Please transcribe the data that follows exactly as given, leaving out every picture.

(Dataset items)
::::::::::

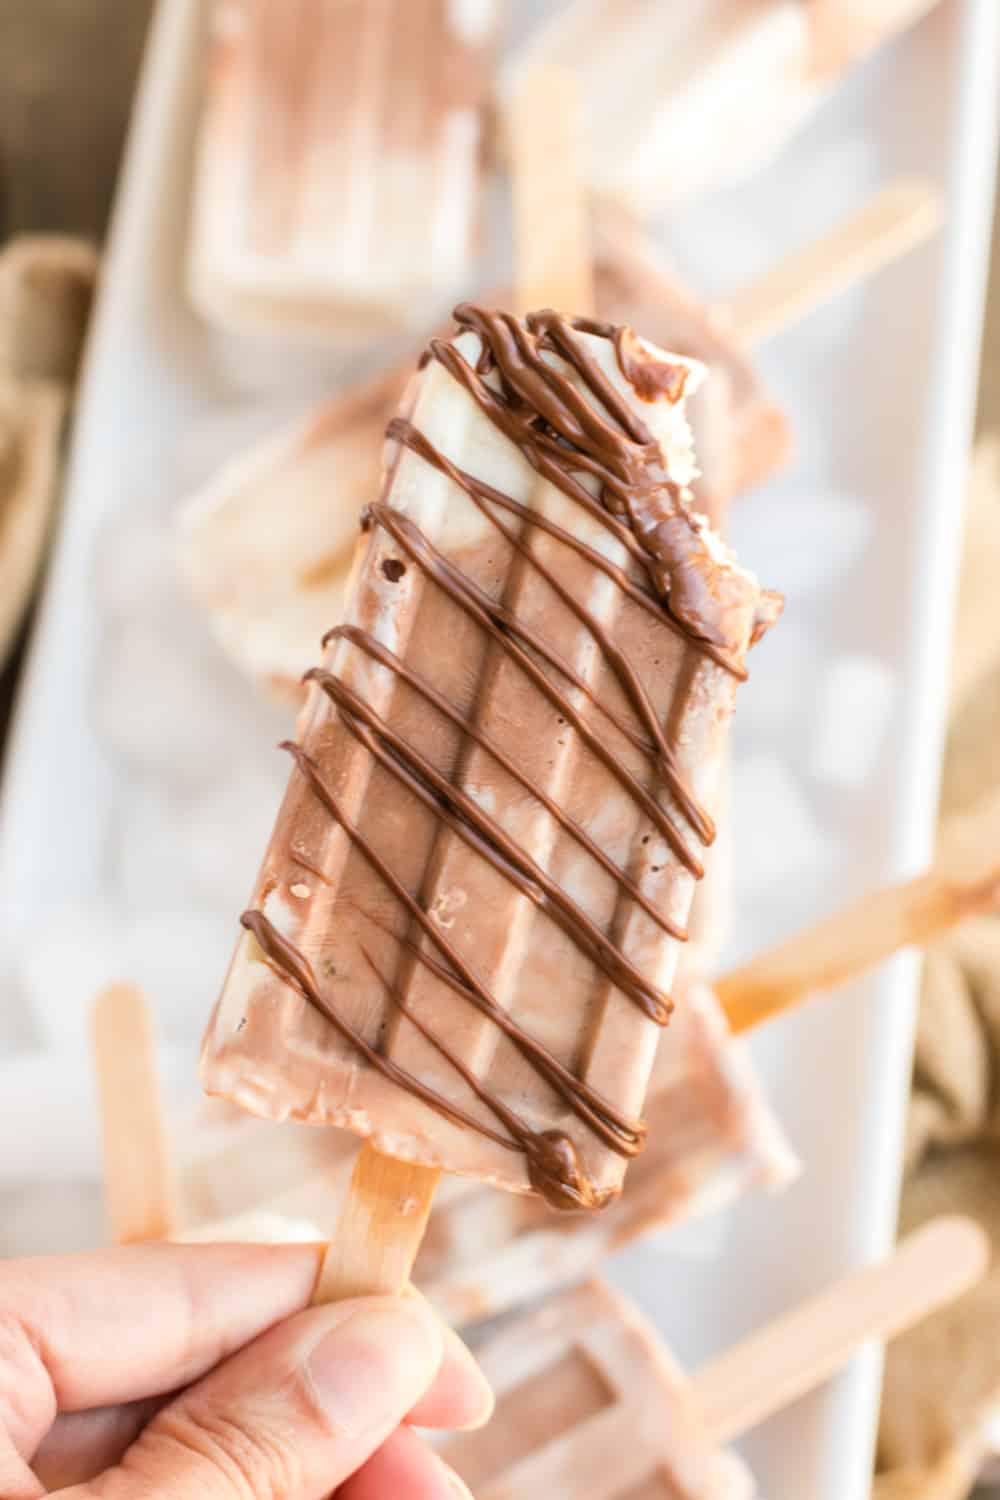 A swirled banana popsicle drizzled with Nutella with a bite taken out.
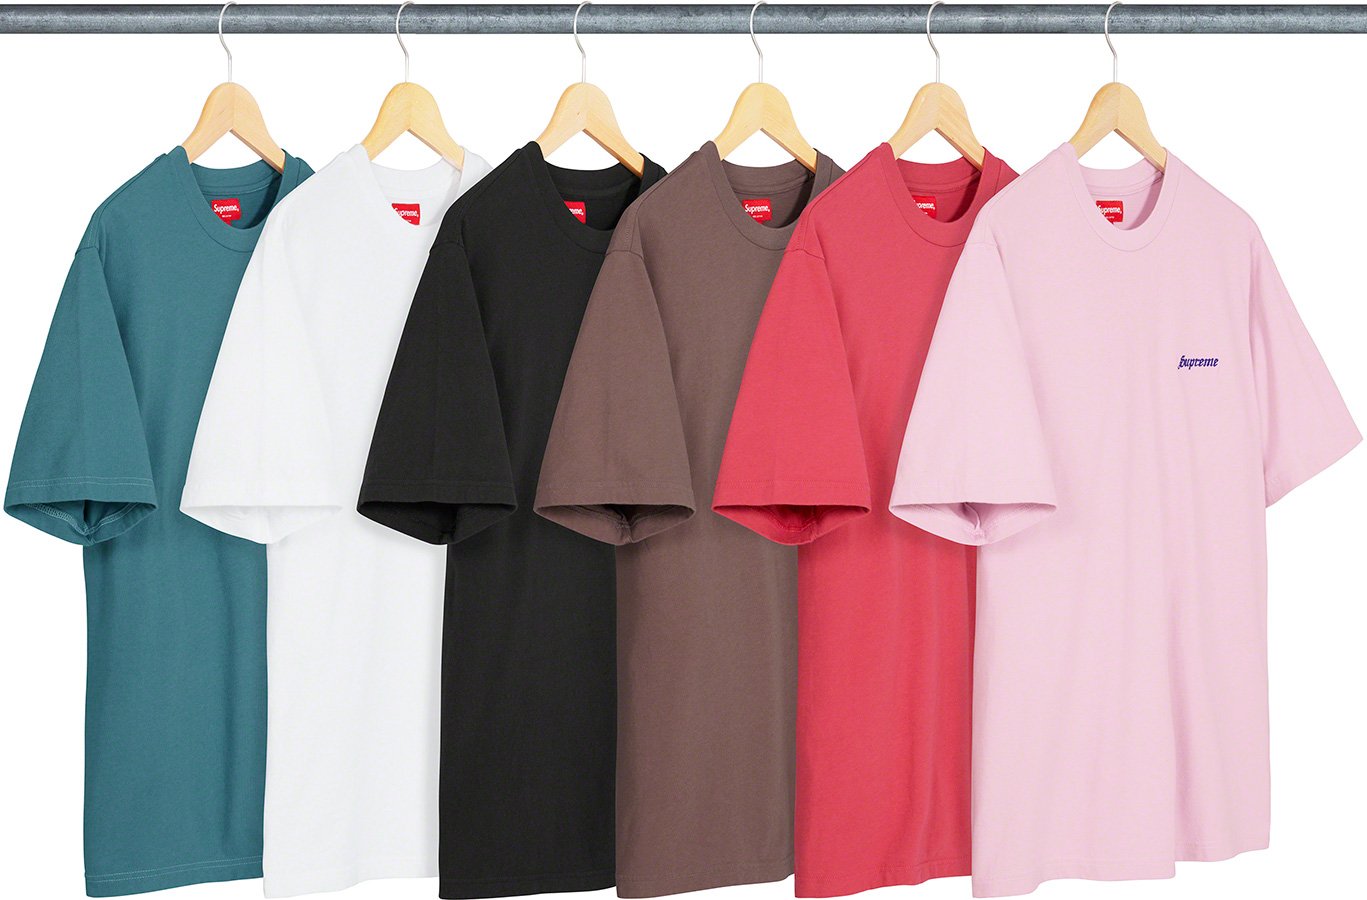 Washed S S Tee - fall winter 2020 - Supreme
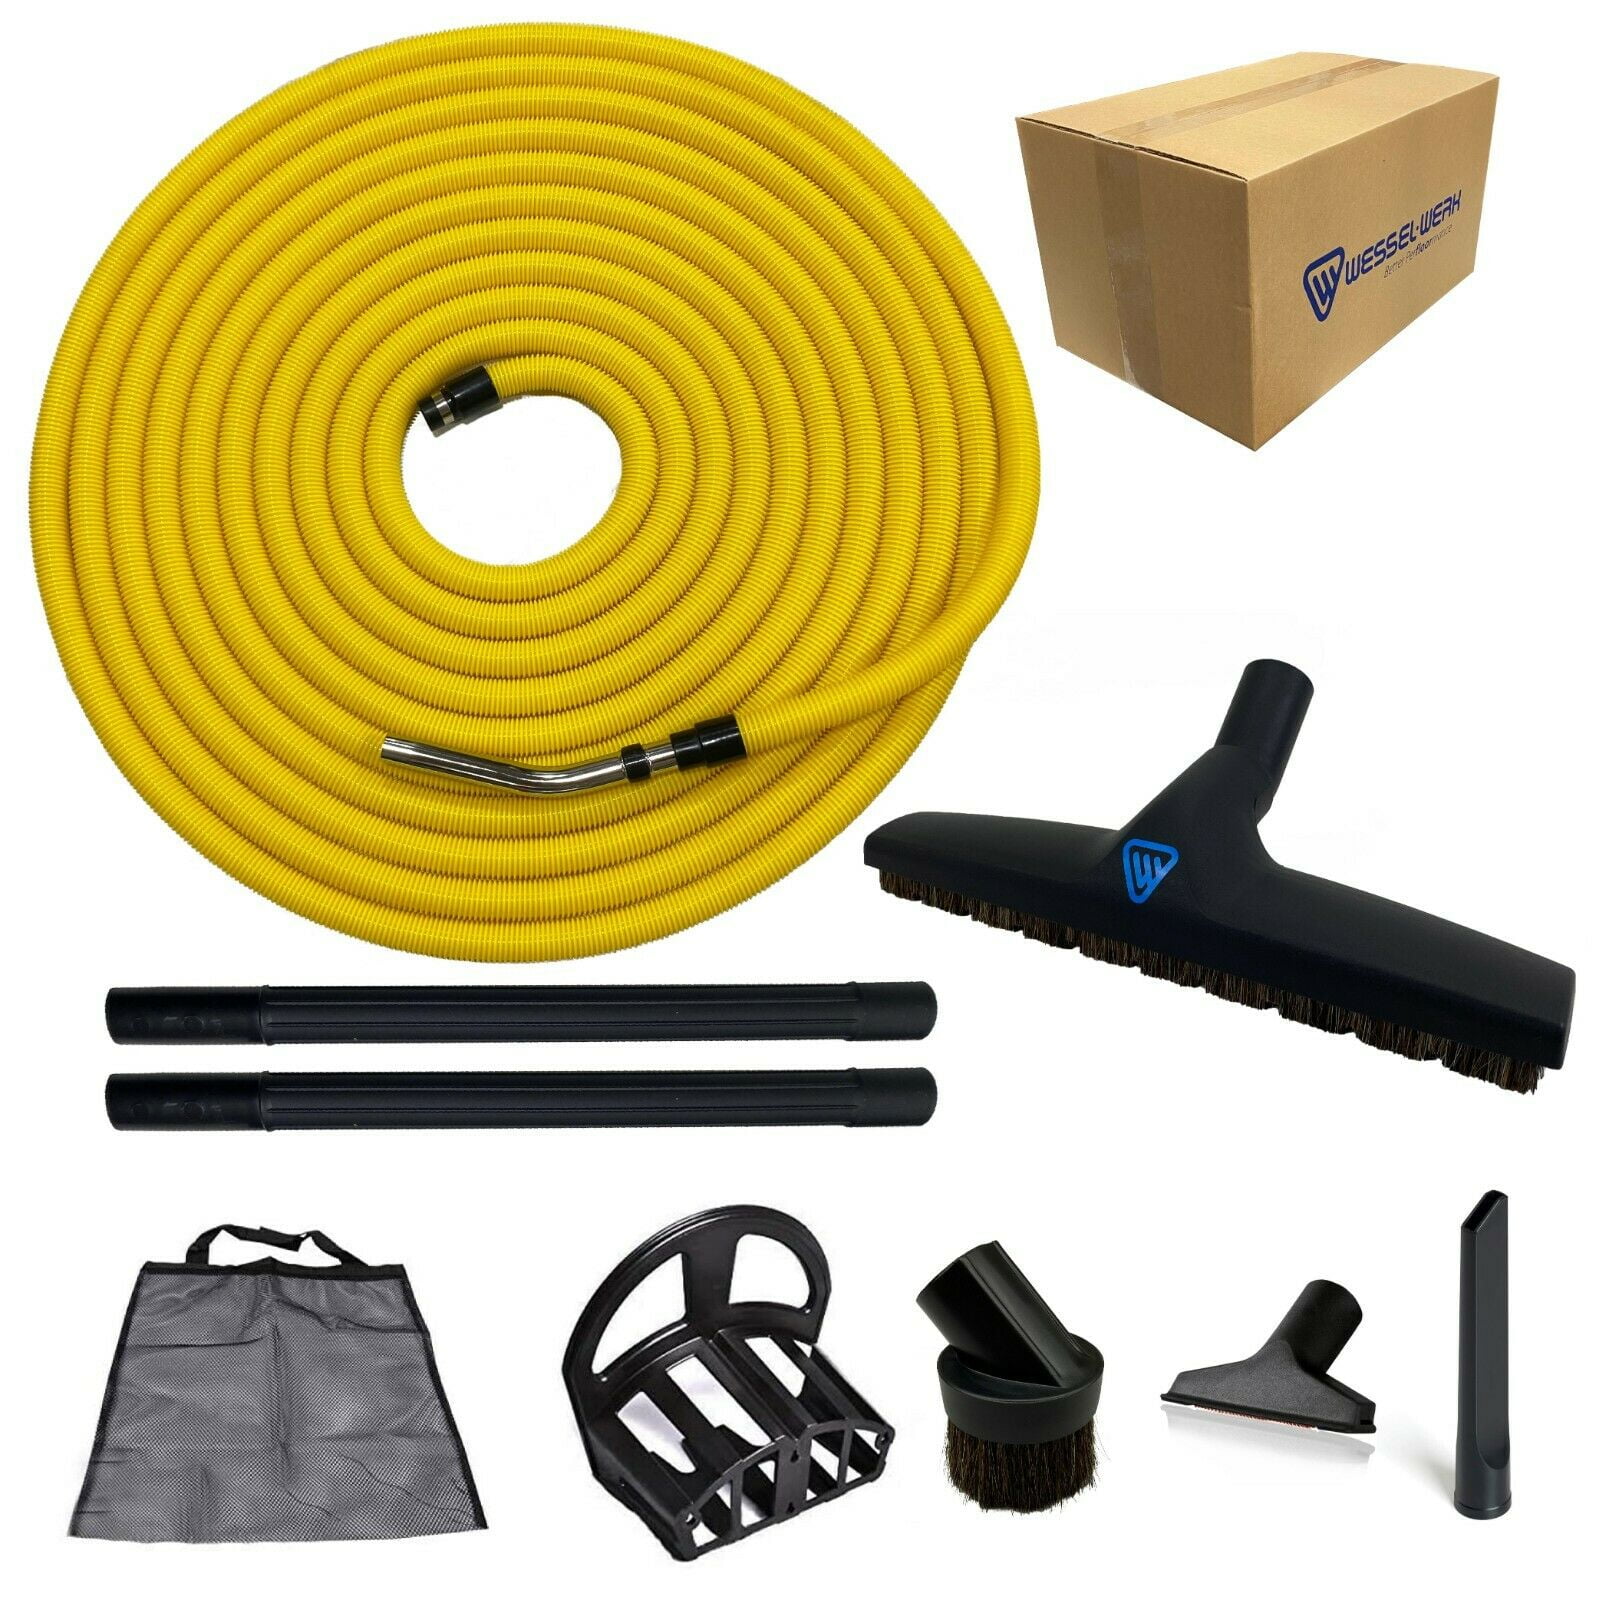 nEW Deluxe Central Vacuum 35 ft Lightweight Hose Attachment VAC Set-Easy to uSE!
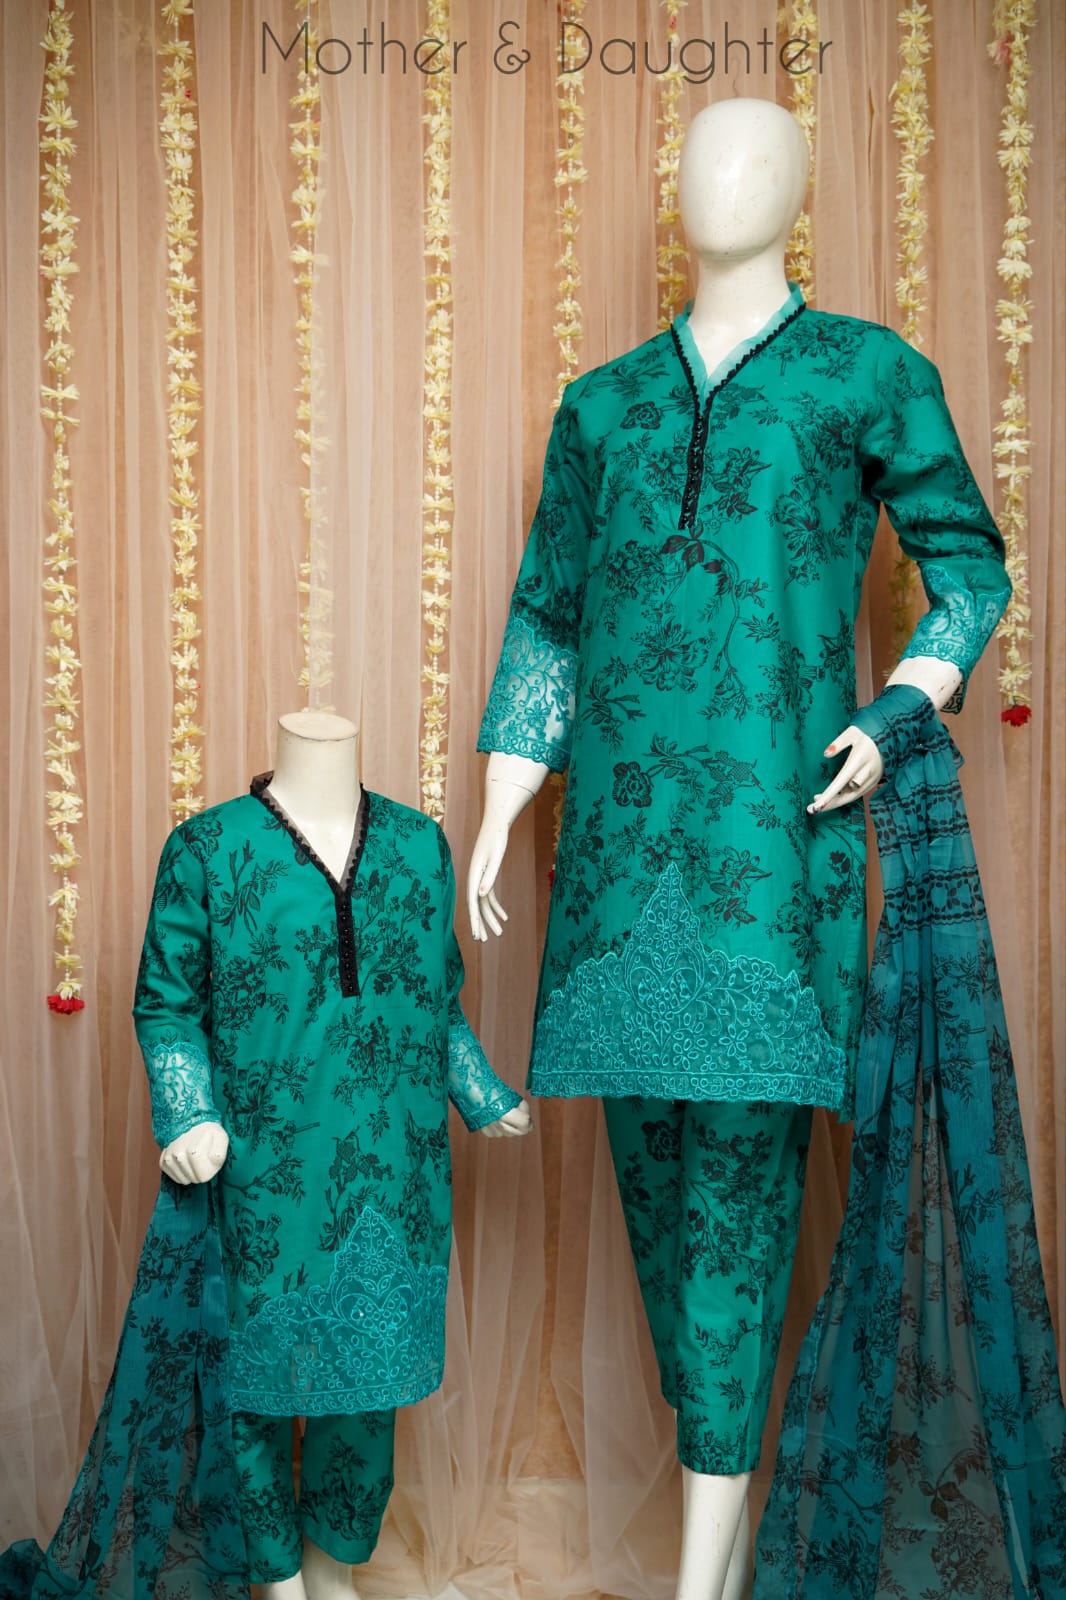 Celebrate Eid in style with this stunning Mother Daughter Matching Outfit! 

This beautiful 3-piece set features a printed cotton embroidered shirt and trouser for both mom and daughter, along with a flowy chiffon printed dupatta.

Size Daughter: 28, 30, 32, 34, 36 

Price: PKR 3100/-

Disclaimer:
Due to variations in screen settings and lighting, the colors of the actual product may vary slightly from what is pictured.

::::::::::

→ **Solution to this exercise**
 A swirled banana popsicle drizzled with Nutella with a bite taken out.
 Washed S S Tee - fall winter 2020 - Supreme
 nEW Deluxe Central Vacuum 35 ft Lightweight Hose Attachment VAC Set-Easy to uSE!
 Celebrate Eid in style with this stunning Mother Daughter Matching Outfit! 

This beautiful 3-piece set features a printed cotton embroidered shirt and trouser for both mom and daughter, along with a flowy chiffon printed dupatta.

Size Daughter: 28, 30, 32, 34, 36 

Price: PKR 3100/-

Disclaimer:
Due to variations in screen settings and lighting, the colors of the actual product may vary slightly from what is pictured.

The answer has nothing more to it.